For five years, she said she didn’t understand what was happening when Scott Shaw slipped his hand under her sports bra or into her underwear during routine sports massages.
She knew Shaw, San Jose State University’s head athletic trainer, had sought her out after gymnastics practices even though he was assigned to the men’s basketball team. But she always thought it was because he “was there to listen and take care of me.”
Then, a year after graduating in 2019, she discovered, that’s just what Larry Nassar had done. And she began to realize the shock of what Shaw had done to her.
The former San Jose State athlete’s heartbreaking realization came in a series of conversations with Rachael Denhollander — the first of hundreds of gymnasts to publicly accuse Nassar, USA Gymnastics’ fatherly team doctor, of molesting them under the guise of treatment for almost three decades. It became one of the worst sex-abuse sports scandals of all time.

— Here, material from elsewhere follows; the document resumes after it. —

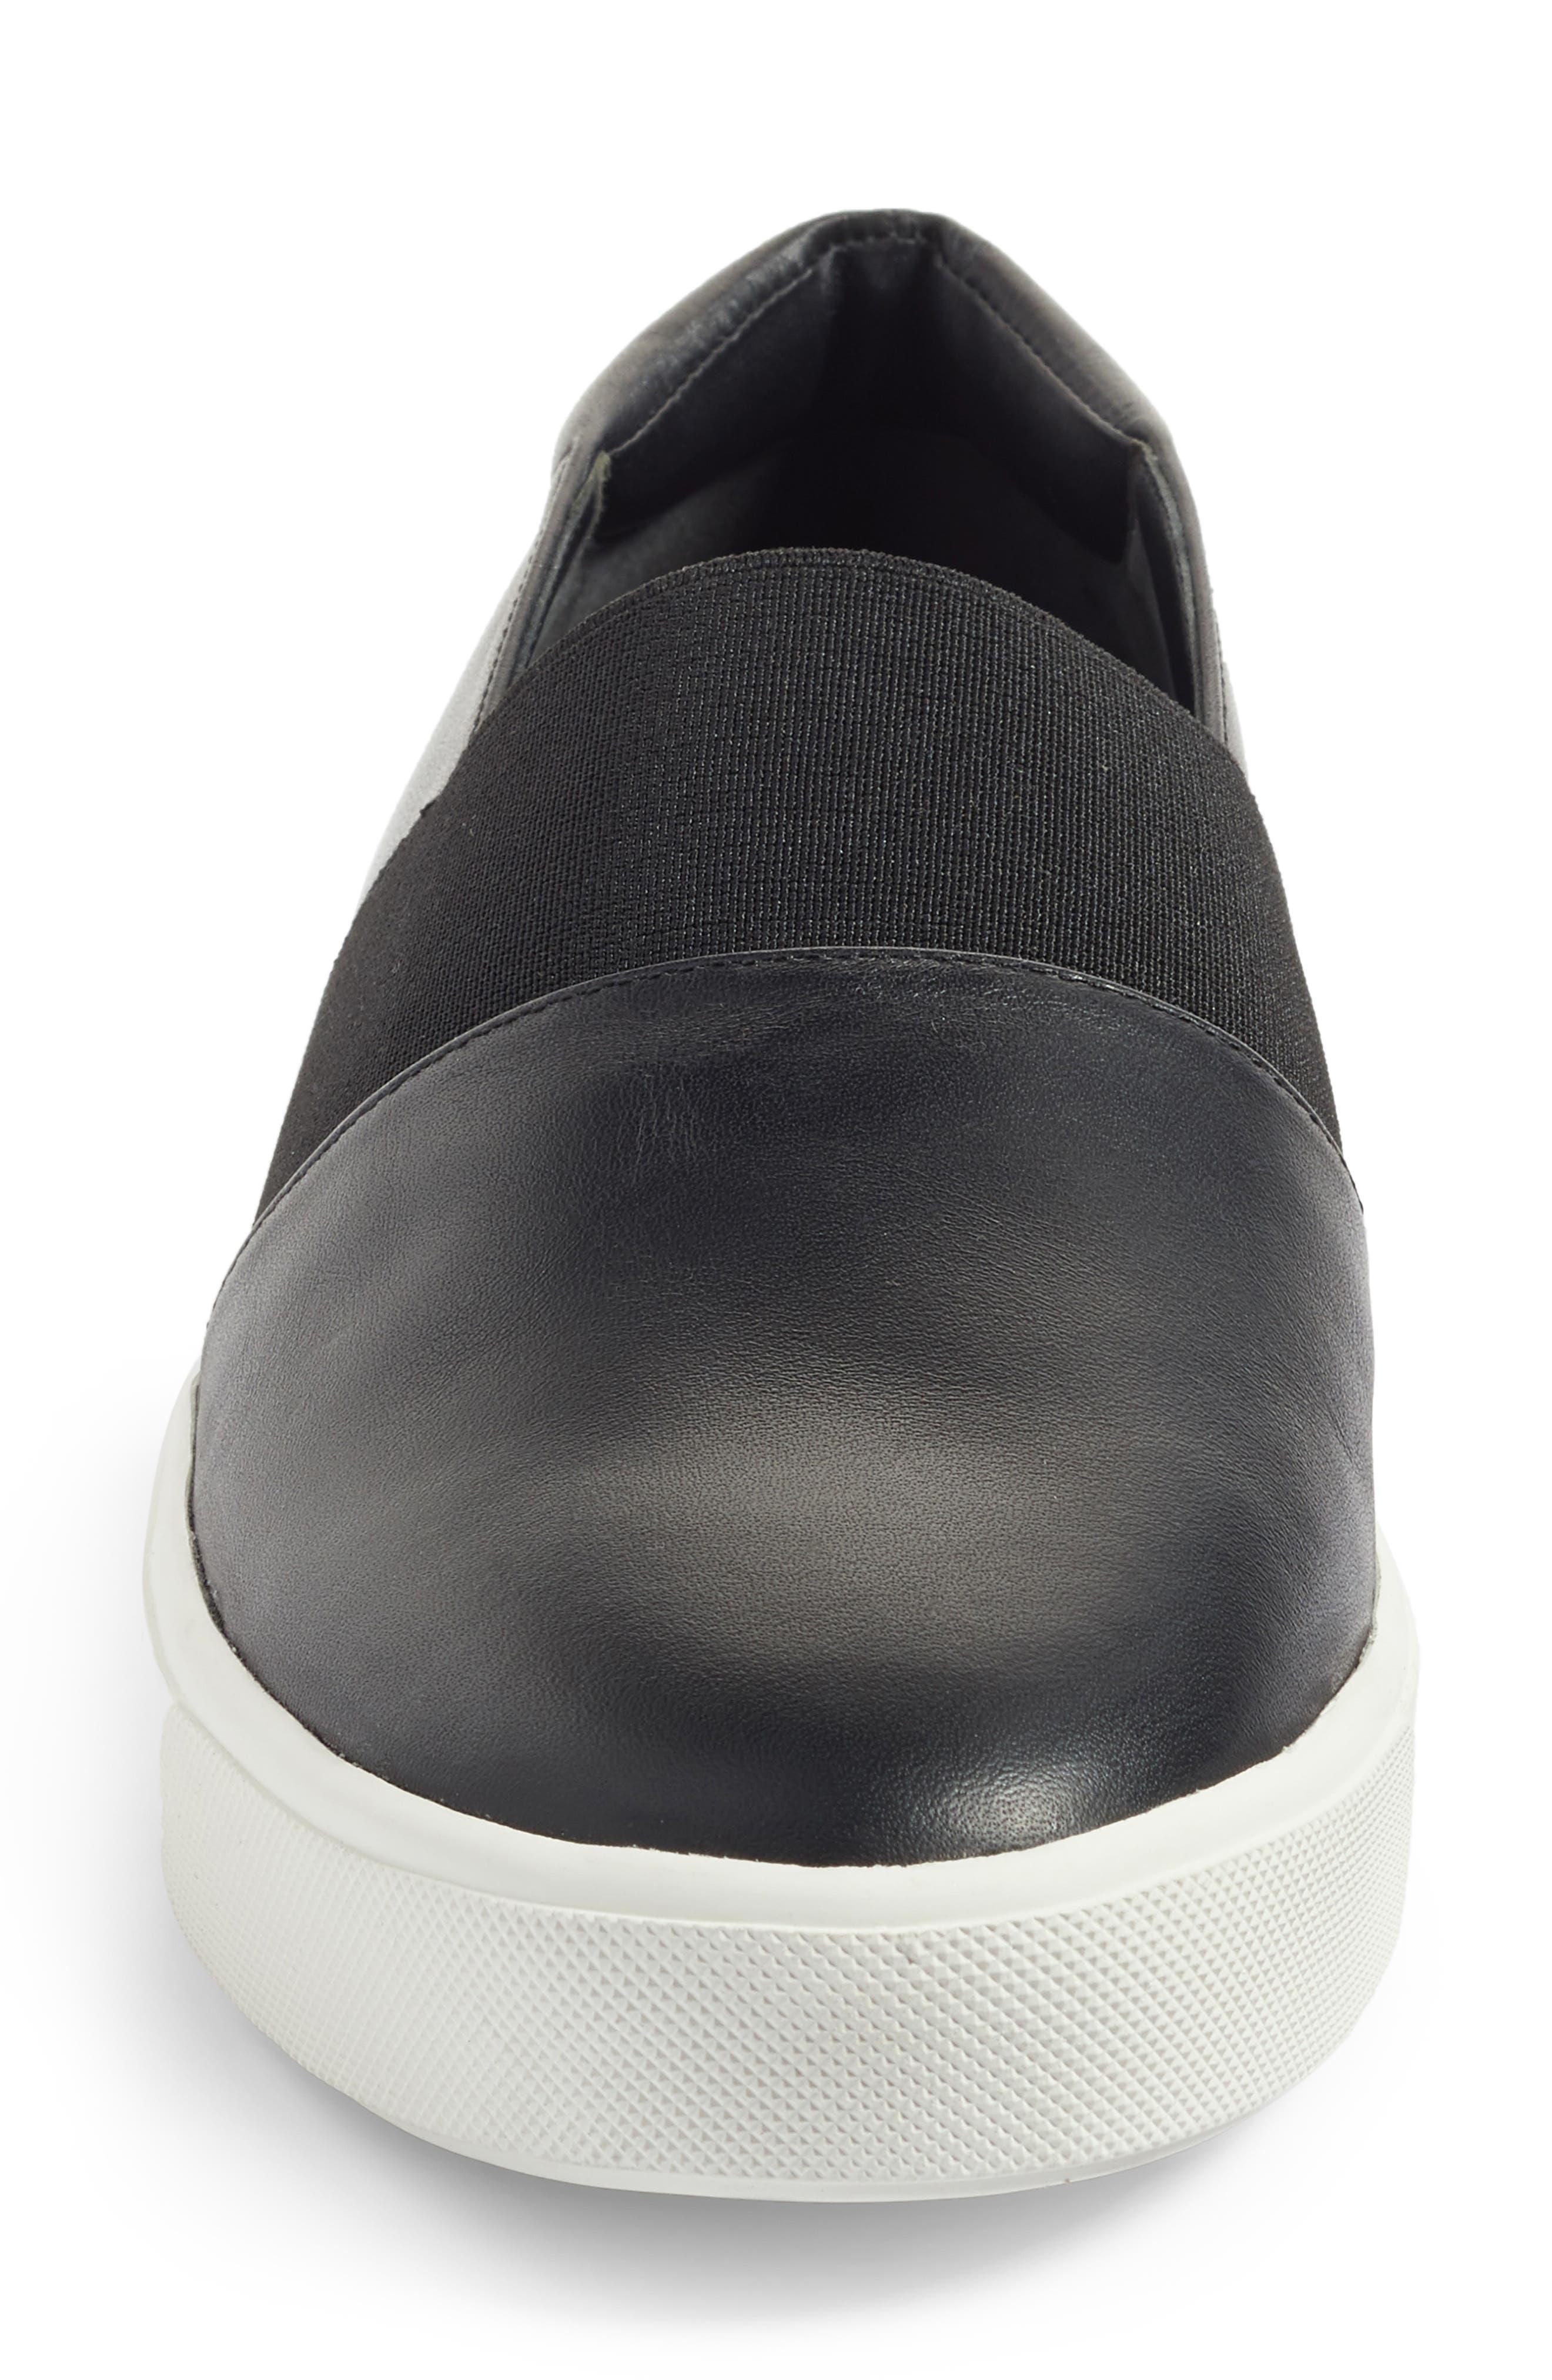 Corbin Slip-On Sneaker,                             Alternate thumbnail 4, color,                             001

Now, the connection between the two women, a courageous gymnast turned sexual abuse advocate and a young athlete who considered herself sheltered and naïve, is producing another powerful revelation. The younger woman is the first athlete to publicly accuse Shaw of abusing her in the decade after San Jose State brushed away similar allegations from more than a dozen female athletes and excused his behavior as a “bona fide means of treating muscle injury.”